The base engine on the least expensive Wrangler - the S model - is a 2.5-liter 4-cylinder rated at 123 hp at 5250 rpm, and 139 pound-feet of torque at 3250 rpm. It’s adequate for low-speed crawling, the kind of low-rpm motoring that goes with picking your way through rock piles or bogs. But unfortunately it runs out of wind very quickly in urban or freeway driving.

The more powerful - and highly recommended - engine is a 4.0-liter, in-line 6-cyliner rated at 180 hp at 4750 rpm, and 220 lb.-ft. at 4000 rpm.

That 4.0 is a slightly less powerful version of what’s available in Jeep’s Cherokee and Grand Cherokee lineups. It’s strong and durable, with lots of development time behind it, as well as a very good service record.

Both engines can be matched to a 3-speed automatic transmission and regardless of which one you choose, the towing limit is 2000 lb. The 4-wheel drive system is Jeep’s part-time Command-Trac, and you do have the option of 4-wheel anti-lock braking.

Wranglers come in three flavors for 1995 - the basic S model, SE and Sahara. There’s also a new Rio Grande Edition, which is essentially a graphics package complemented by Pueblo Cloth seats.

The standard top is a plastic-and-canvas affair. During a particularly violent rainstorm the model we tried worked well, although without air conditioning the Wrangler’s interior tends to get sauna-like on a warm day.

Did we say the plastic/canvas top worked well? Let’s qualify that. It worked well in the strict sense of keeping the occupants dry. But there are other measurements to apply here.

One of the attractions of the Wrangler is open-air motoring, but getting the top on and off is a bit of a project. Not quite like building a bridge, but close. A small bridge, maybe. It’s certainly not like flipping the top up and down on something like a Mazda Miata. Remember, the Wrangler is not a sports car.

I once watched two Jeep engineers struggle for 10 minutes to erect the top, an experience that seemed to entail a lesson: Even if you could carry two Jeep engineers around with you everywhere, you would still be likely to get wet during a sudden downpour.

So when you’re enjoying wind-in-the-hair in your Wrangler, it’s also a good idea to take a quick peek at the skies from time to time. Be prepared. Or better yet, avail yourself of the removable hardtop option.

Interior Features

There are four seats in the Wrangler, but this is really a vehicle for two people assuming comfort is a goal.

The front-passenger seat lifts up and tilts forward to allow relatively easy access to the backseat. Once here, however, anyone other than a gullible child will find it cramped, best reserved for storage.
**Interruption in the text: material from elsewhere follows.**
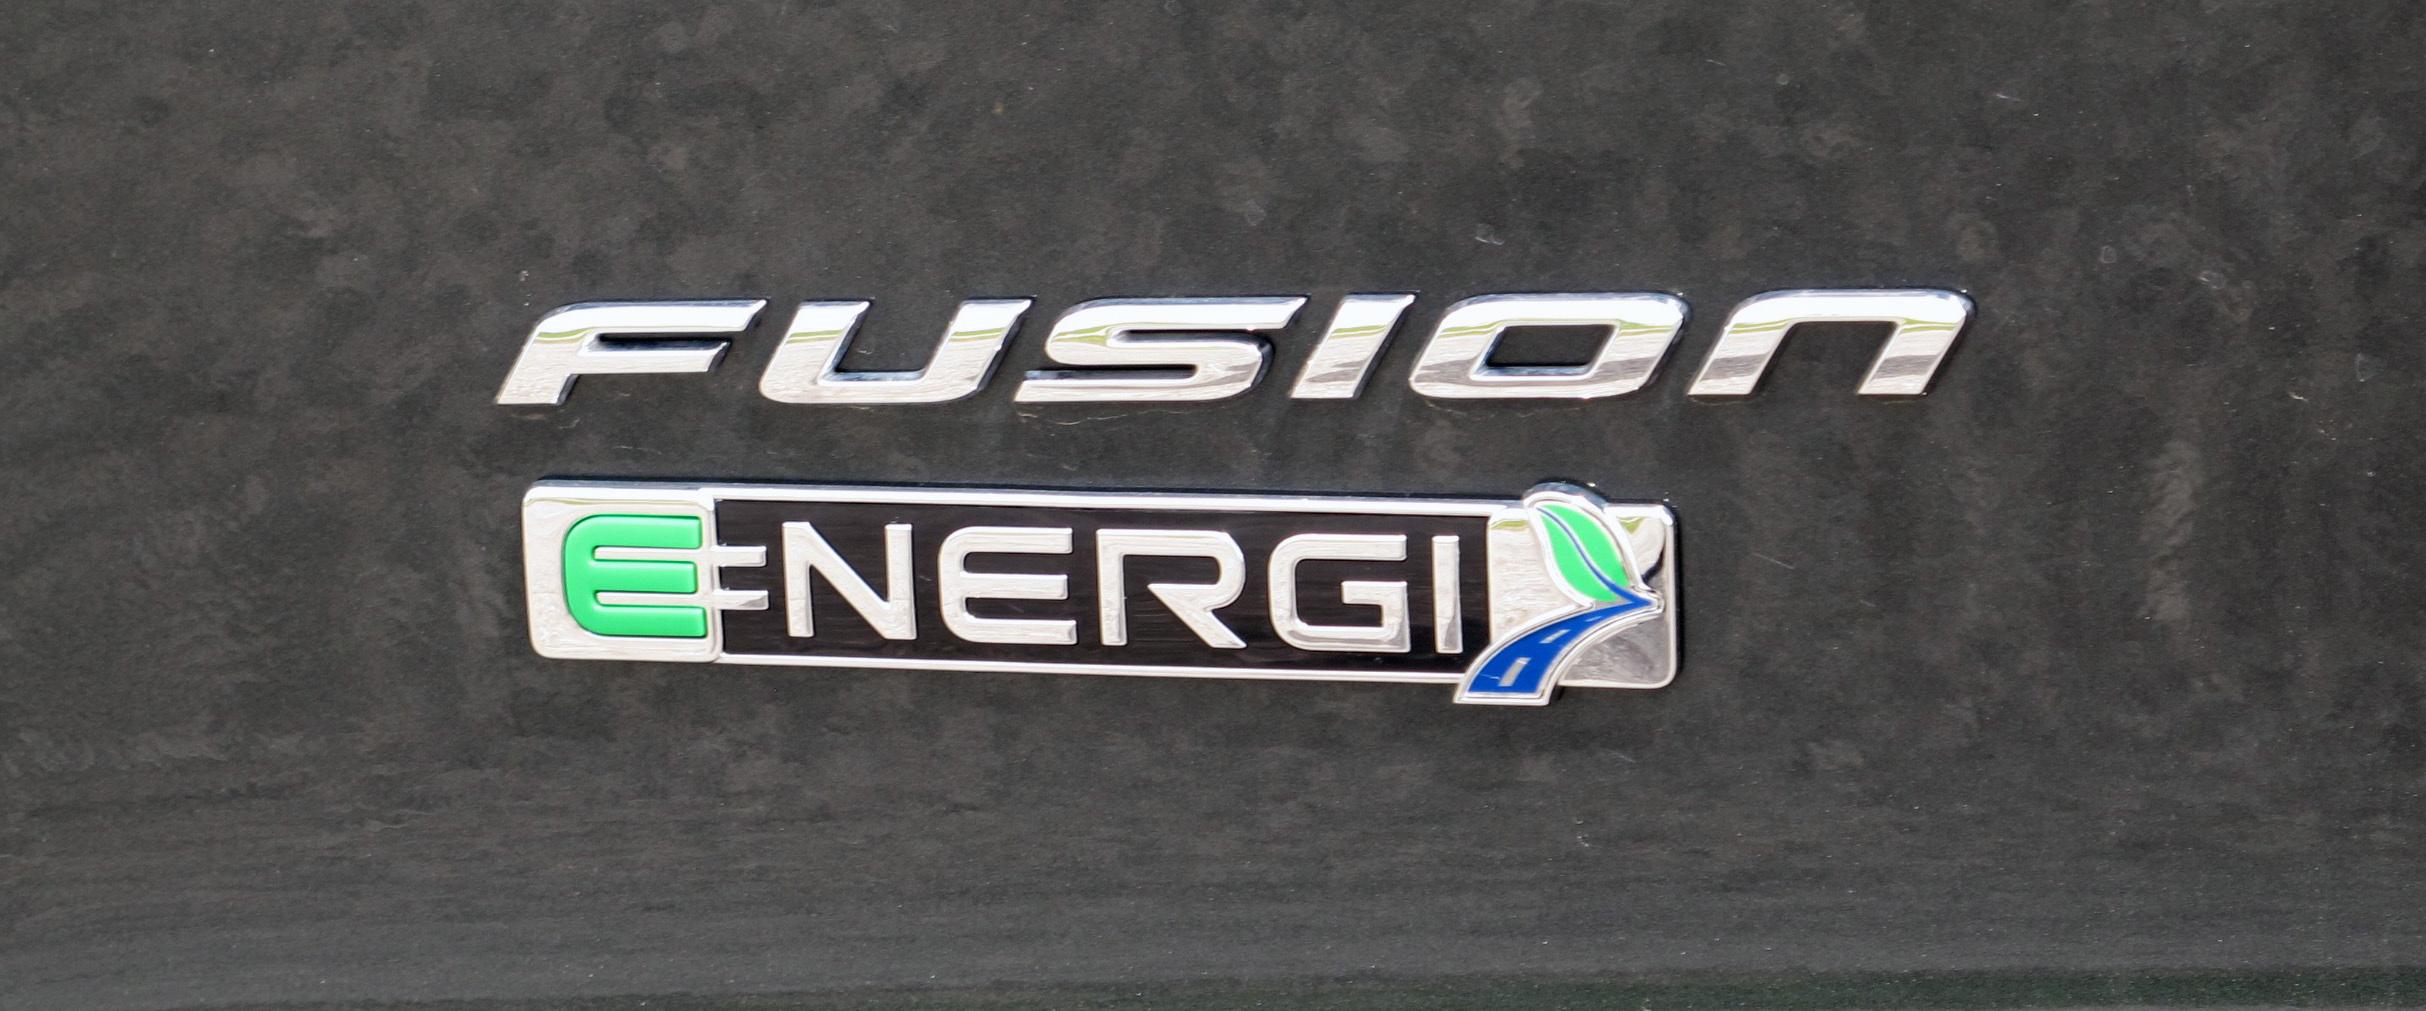 2015 Ford Fusion Energi logo

It would also be best if the driver is not the proverbial tall drink of water. The problem is that the rearward seat-travel is restricted, and drivers 6-foot or taller are likely to feel they can’t get far enough away from the steering wheel, which extends back toward the driver on an over-long column.
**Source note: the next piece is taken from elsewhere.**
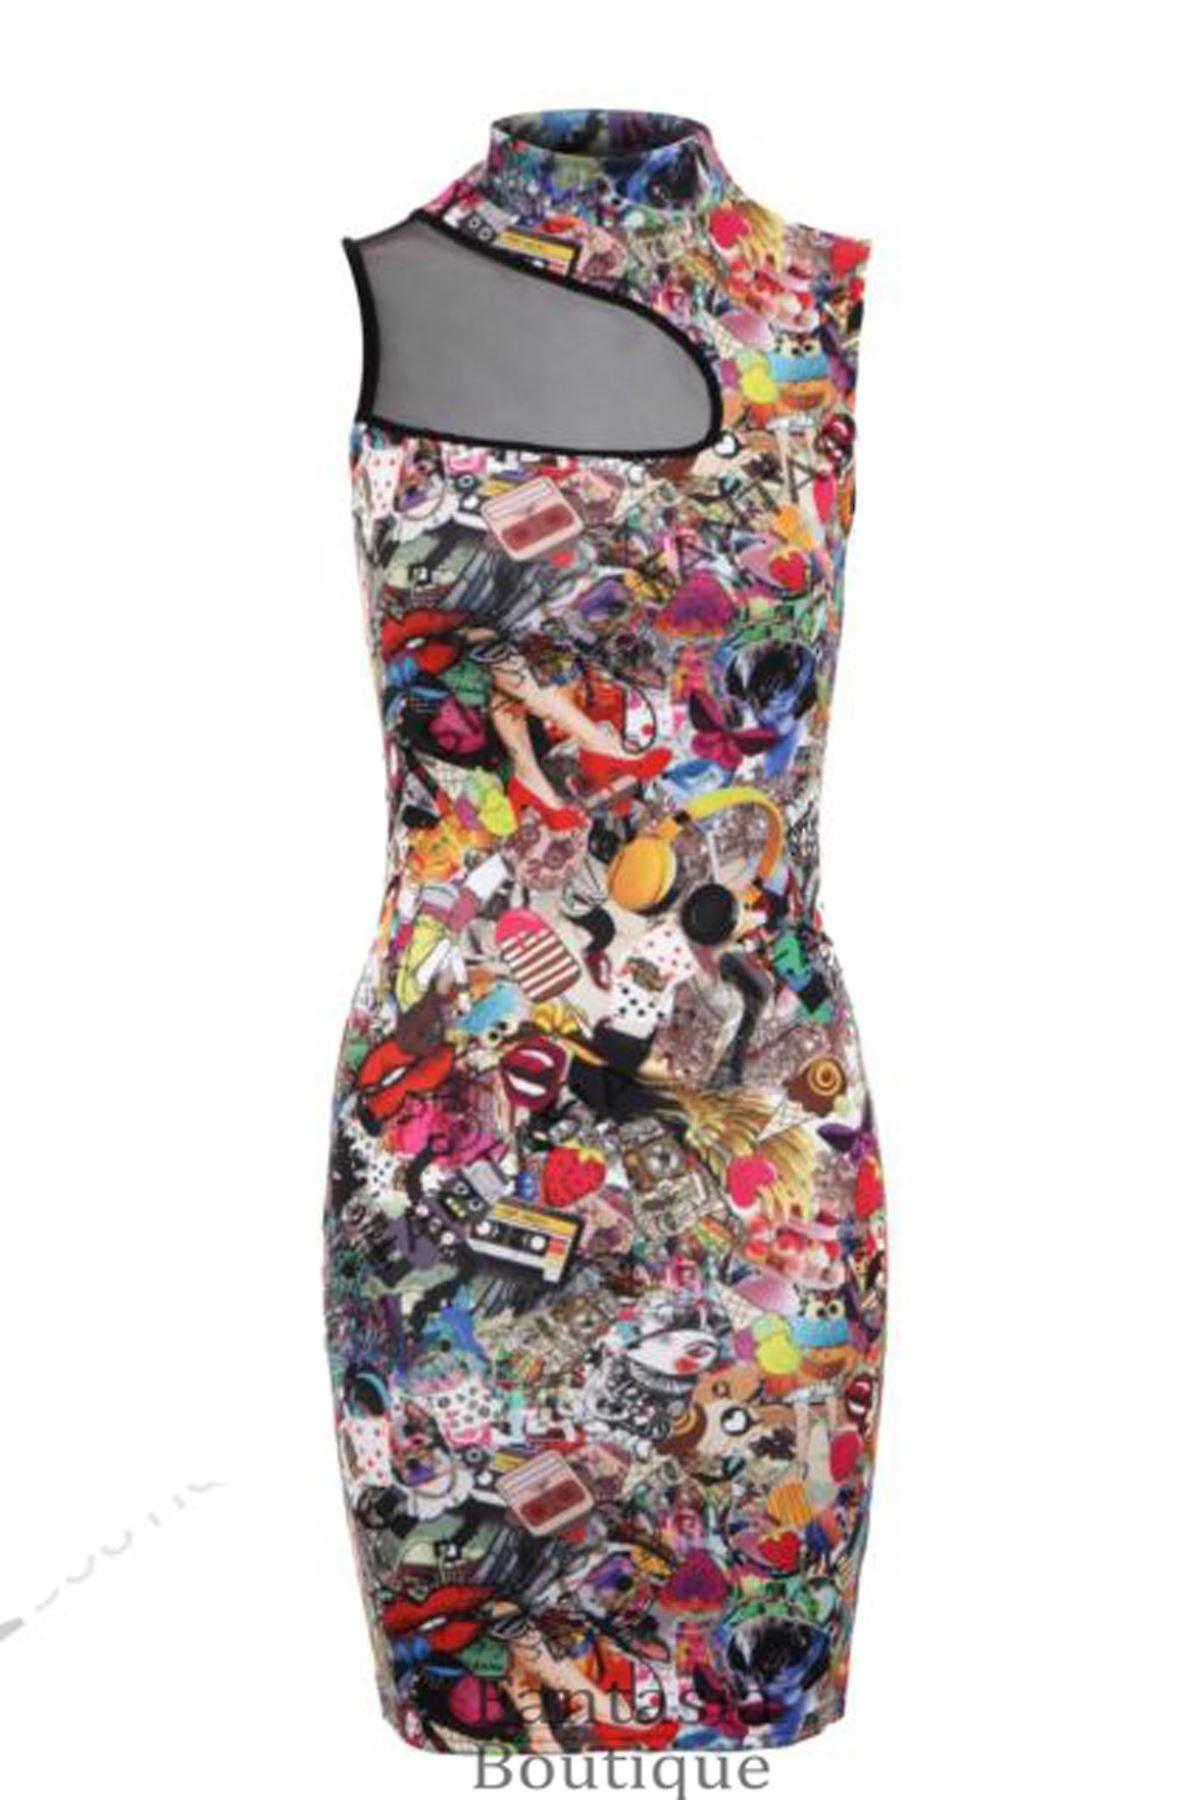 Ladies Funky Print Chest Mesh Slimming Effect Womens Bodycon Dress

The driving controls and the instruments are basic and lack the slick feel and convenience of modern passenger cars, although one can pass that off as character. It works for Ferrari.
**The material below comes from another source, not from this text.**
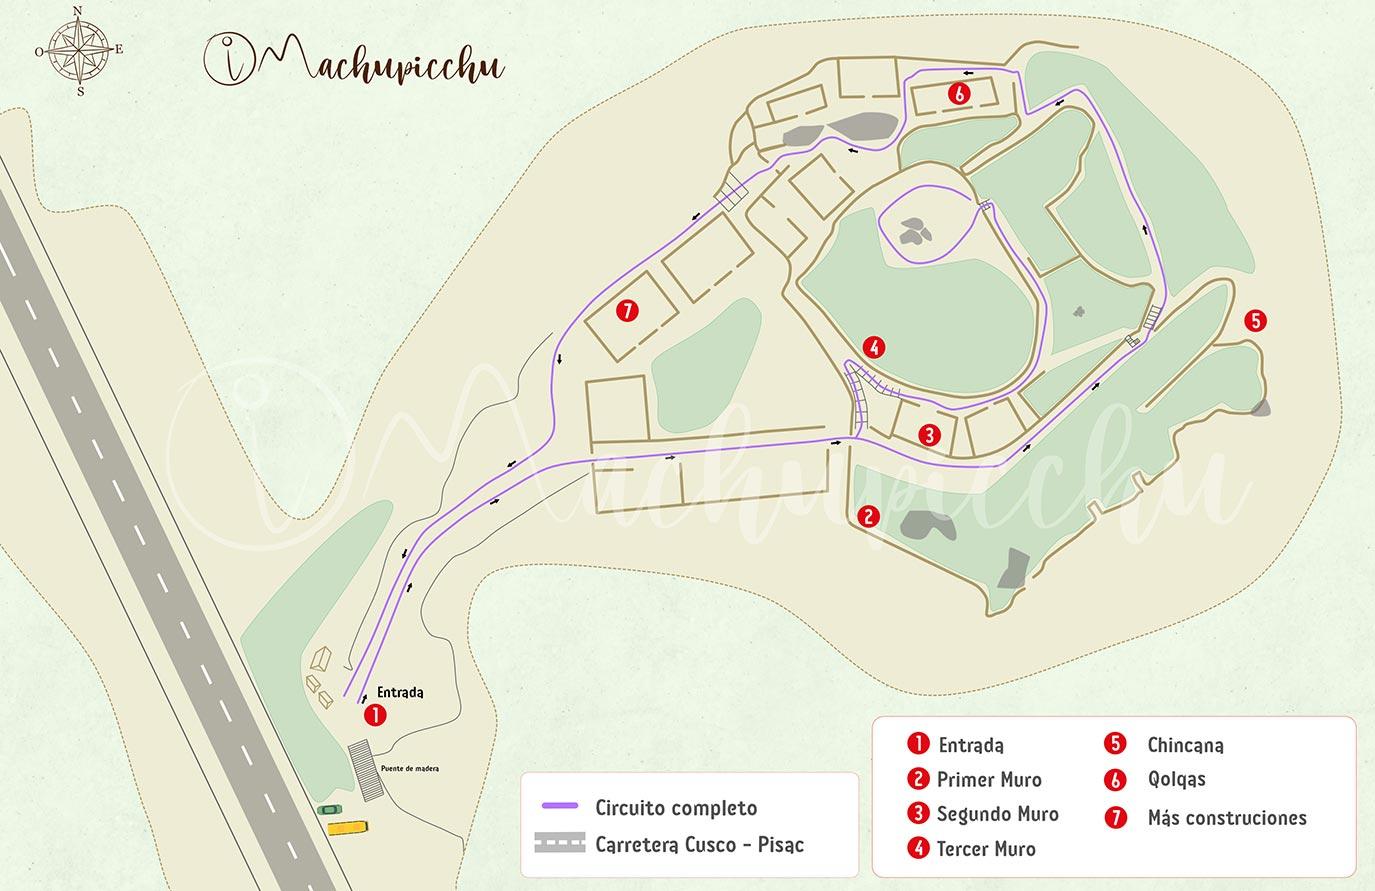 Mapa de recorrido sitio arqueológico de Puca Pucára

All these little problems aside, there is still a quirky charm to the Wrangler, perhaps because it is so relentlessly inappropriate in an urban/suburban environment.

Driving Impressions

The ride is firm, and with a relatively short wheelbase (93.4 in.) there is a moderate amount of choppiness. When traveling over large bumps at normal speeds, the Wrangler’s trail actually hops a bit. Frankly, that trick is more attractive for the Easter Bunny than for a vehicle.

But overall, the Wrangler handles better than one would expect of an off-road vehicle. It changes direction fairly quickly, and once one becomes accustomed to the high center of gravity, confidence returns and it is possible to motor through traffic fairly briskly, although the steering feels too light.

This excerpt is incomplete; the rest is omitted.